### Task instructions
In the listing below, find the line with "Joseph Ribkoff Dress Style 201220. Papaya" and the line with "Album di Calligraphies", then return them and every line between them exactly, minus the pictures.

BEGIN Data supplied

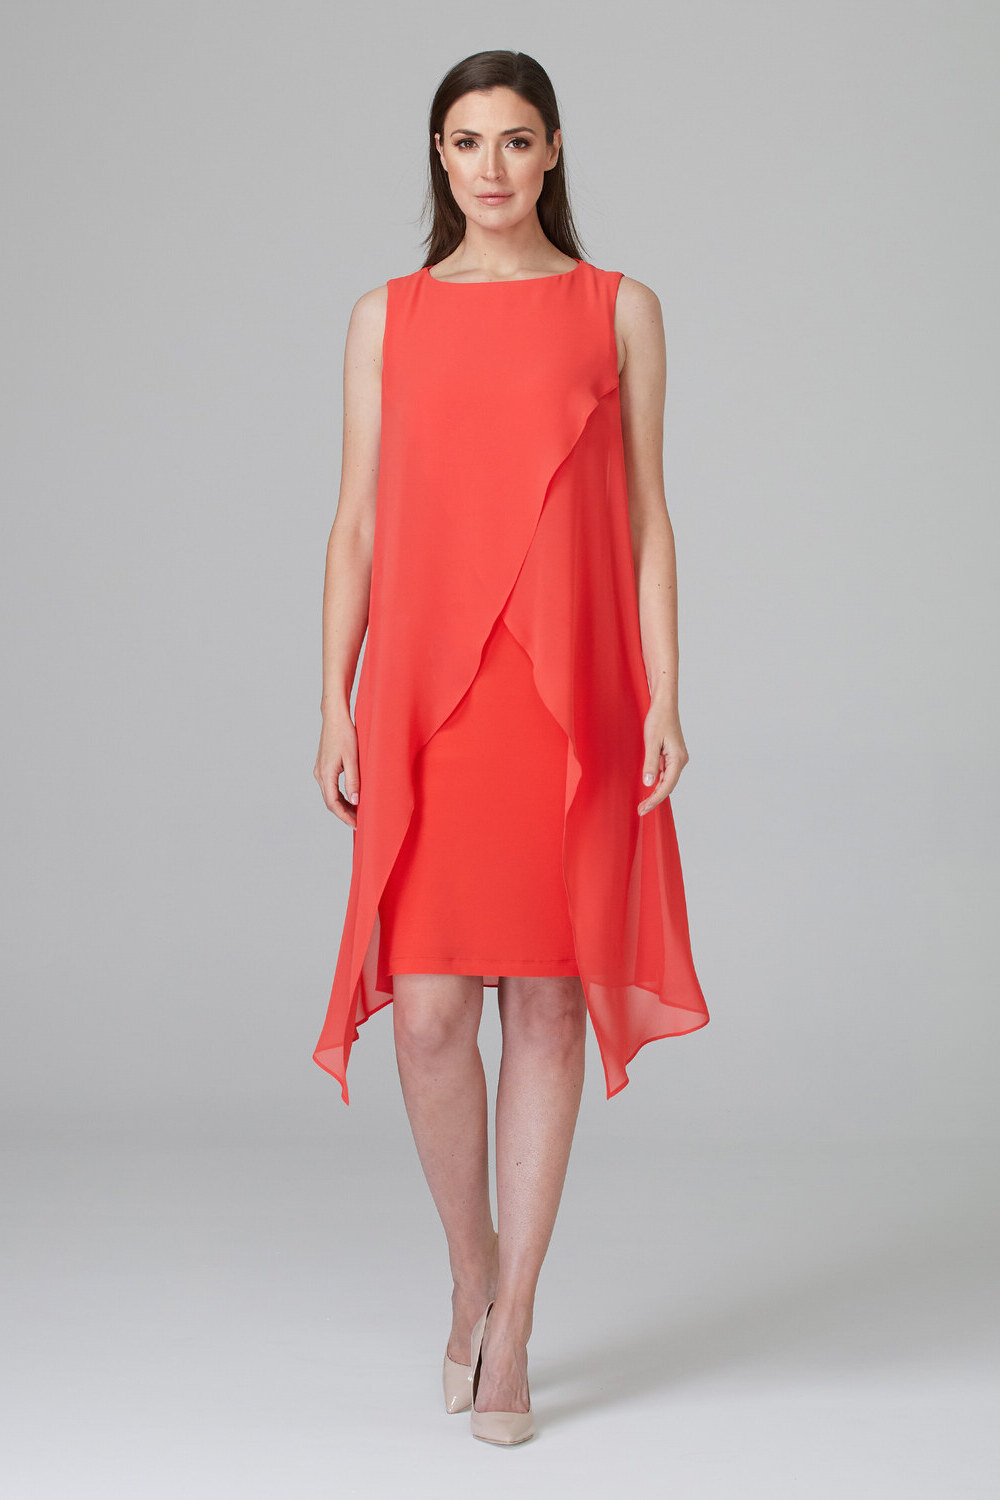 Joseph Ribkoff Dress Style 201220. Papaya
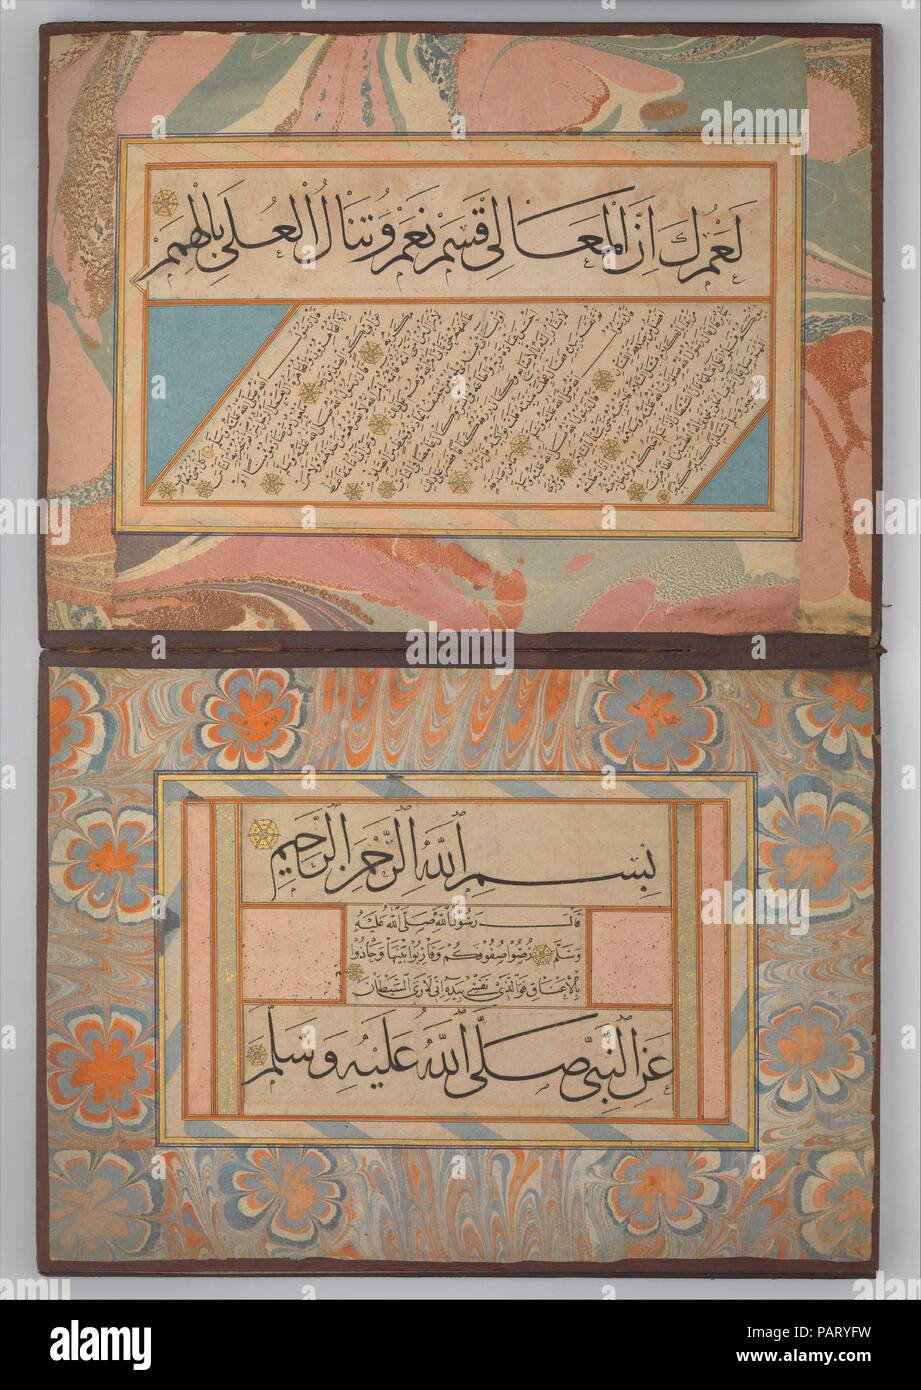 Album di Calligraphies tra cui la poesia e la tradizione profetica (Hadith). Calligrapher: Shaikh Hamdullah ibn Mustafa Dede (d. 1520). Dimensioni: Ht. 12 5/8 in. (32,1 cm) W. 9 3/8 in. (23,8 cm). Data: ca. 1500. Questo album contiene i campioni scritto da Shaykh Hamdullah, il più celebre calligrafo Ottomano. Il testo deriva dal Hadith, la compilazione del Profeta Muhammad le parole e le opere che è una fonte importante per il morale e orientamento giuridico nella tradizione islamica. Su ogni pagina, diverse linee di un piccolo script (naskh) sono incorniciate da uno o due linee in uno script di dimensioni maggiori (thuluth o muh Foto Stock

END Data supplied
BEGIN Data supplied

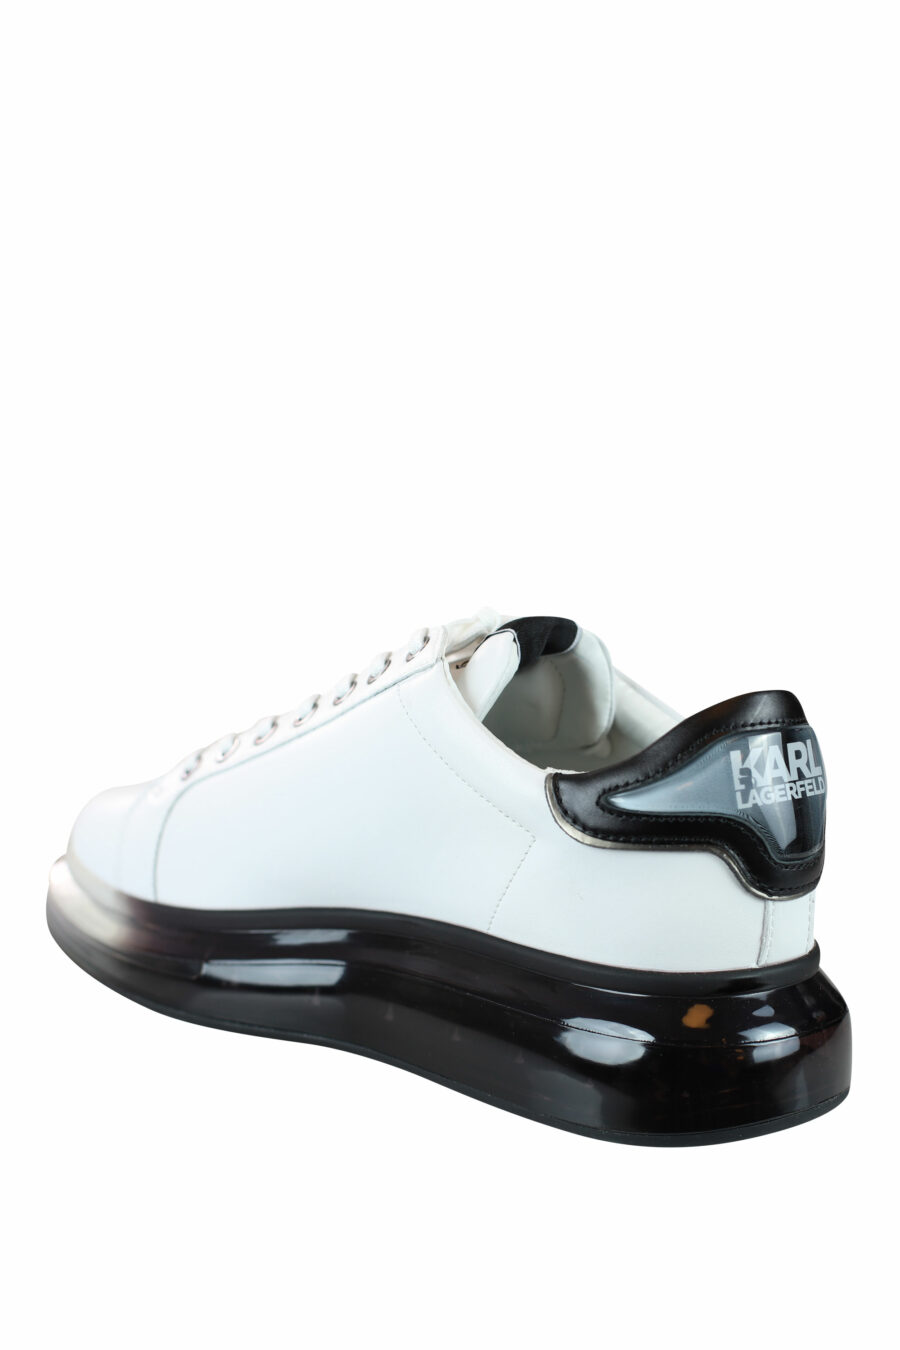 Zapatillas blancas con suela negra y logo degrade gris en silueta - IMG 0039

END Data supplied

### Exercise solution
 Joseph Ribkoff Dress Style 201220. Papaya
 Album di Calligraphies tra cui la poesia e la tradizione profetica (Hadith). Calligrapher: Shaikh Hamdullah ibn Mustafa Dede (d. 1520). Dimensioni: Ht. 12 5/8 in. (32,1 cm) W. 9 3/8 in. (23,8 cm). Data: ca. 1500. Questo album contiene i campioni scritto da Shaykh Hamdullah, il più celebre calligrafo Ottomano. Il testo deriva dal Hadith, la compilazione del Profeta Muhammad le parole e le opere che è una fonte importante per il morale e orientamento giuridico nella tradizione islamica. Su ogni pagina, diverse linee di un piccolo script (naskh) sono incorniciate da uno o due linee in uno script di dimensioni maggiori (thuluth o muh Foto Stock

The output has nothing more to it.